She’ll be quick to tell you.
“I think it starts with you as a coach. You need to create that space where people feel comfortable enough to do the things that you want them to do. If I’m saying, OK, guys, I want you to be comfortable and dance, it means I must be comfortable and dance and lead the way as a coach.”
This is something she brings into her life outside of design thinking, too, which you can experience right away in an interview with her. The purpose of our meeting was to speak about her work, but Tebogo takes the opportunity to remind you that first and foremost, she’s human. In our case, she did this by bringing her smiling, waving 9-month-old daughter with her, who now and then would erupt with sounds of joy.
“Say hello!” Tebogo says. “Hello!”
It is a moment that breaks the boundaries of the video call, and brings us all near. Suddenly, it is not an interview; we are just three people, speaking.
During Foundation Programme sessions, Tebogo’s methods of generating comfort are, of course, different. But it is evident that this is something she’s become expert at, having to constantly renew and refresh a space in which it is OK to keep trying, even as circumstances change.
(For example: Can we continue the conversation while she is bottle-feeding her daughter? Yes, seamlessly. Can her daughter sleep while we are speaking? Are we not being too loud? “I have a trick,” Tebogo says. She straps her daughter to her back. “Look,” she says, not five minutes later, swivelling the camera to her child’s sleeping face.)
About design thinking itself, Tebogo continues to speak with joy.
Some years ago, she coached a group of Foundation Programme students through the creation of a solution to a problem a project partner was experiencing. The solution that the team came up with – generating income by monetising digital content – was so impressive that the project partner chose to implement it. However, as things sometimes go, the implementation did not occur in the end. Although this was disappointing, Tebogo still finds immense value in the experience, and it remains one of her highlights as a coach.
“The team was very into it,” she says. “They were very into the process – they wanted to learn, to come up with solutions. I was very blessed.”

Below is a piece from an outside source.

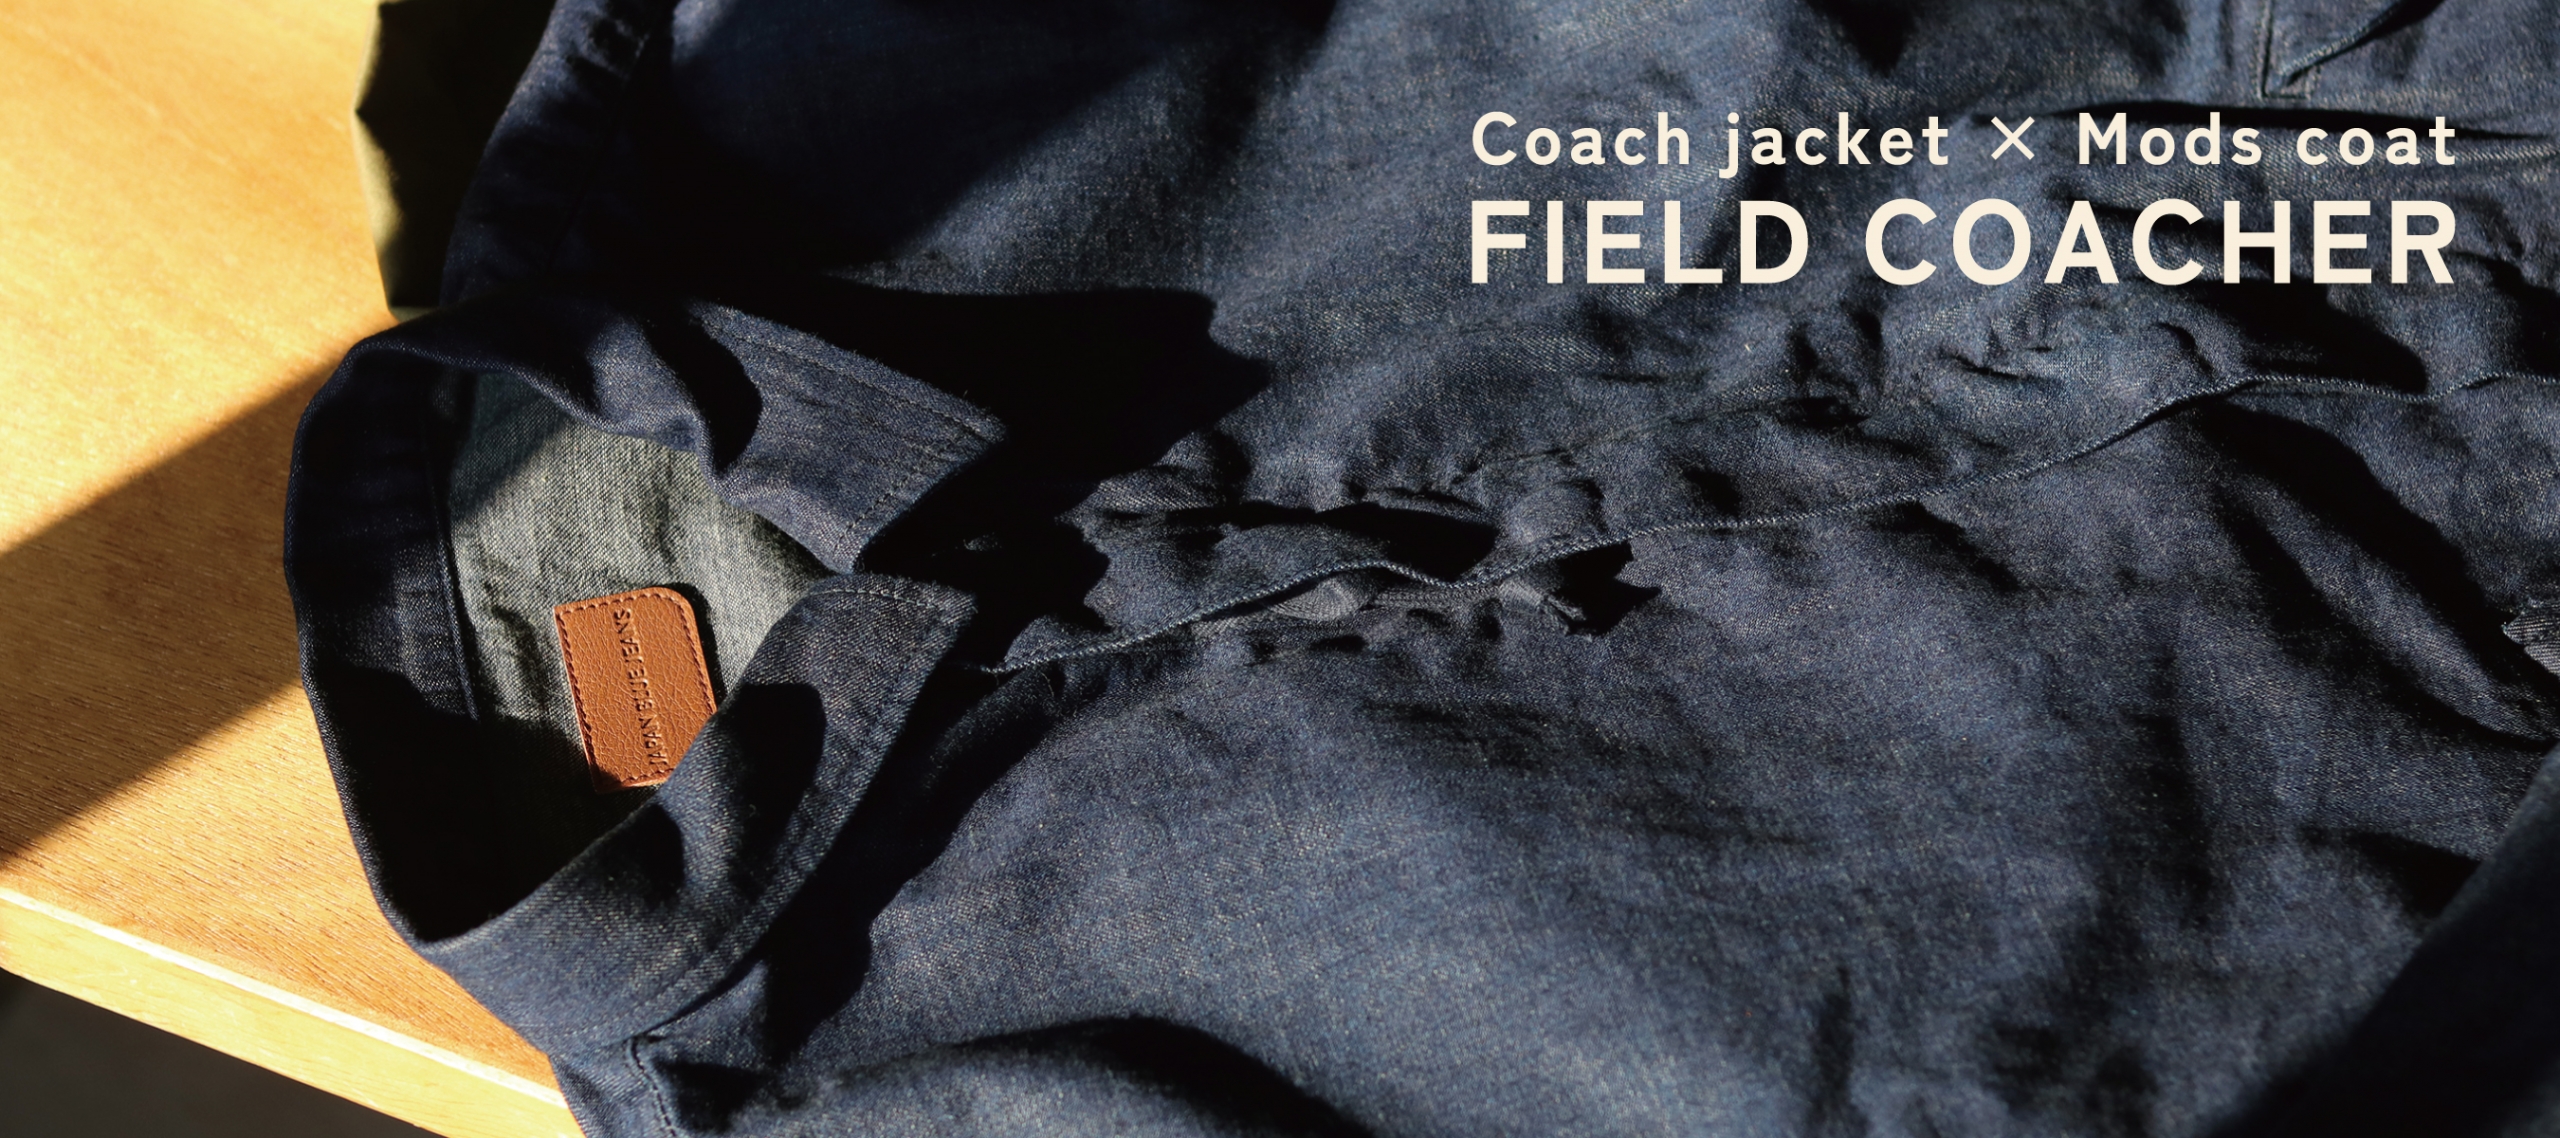 FIELD COACHER -Coach jacket × Mods coat-

She brims as she details how one of the members of the group, Reitumetse Kholumo, has gone on to use the design thinking methodology during the creation of her own business, Kwela Brews, which recently launched on 29 April. Reitumetse is a stellar example of the effort that design thinking can inspire – it can bring about real change. Bringing awareness to the local African tradition of homebrewing and empowering the women who do it participate in business are just two significant ways that Reitumetse effects real, positive change in our society.
It’s this ability to inspire change, no matter how big or how small, that drives Tebogo as a coach. She notes that design thinking is not just about finding a solution to a problem – a significant part of the design thinking journey is about embodying the mindsets and principles that underpin it. Ultimately, the ideas of a bias to action, the ability and curiosity to navigate uncertainty, and the will to play with possibilities should become second-nature to the practitioner and a common language between the team.
“Just having participants take something from the session – just one thing, an activity, or a mindset that would make a difference to them when they go back into their own spaces – I think, for me, that is making the difference.”
You leave the conversation feeling like the generosity of Tebogo’s spirit is so great that, no matter what you were speaking about, you were always speaking about exactly what design thinking is about in the end: humans.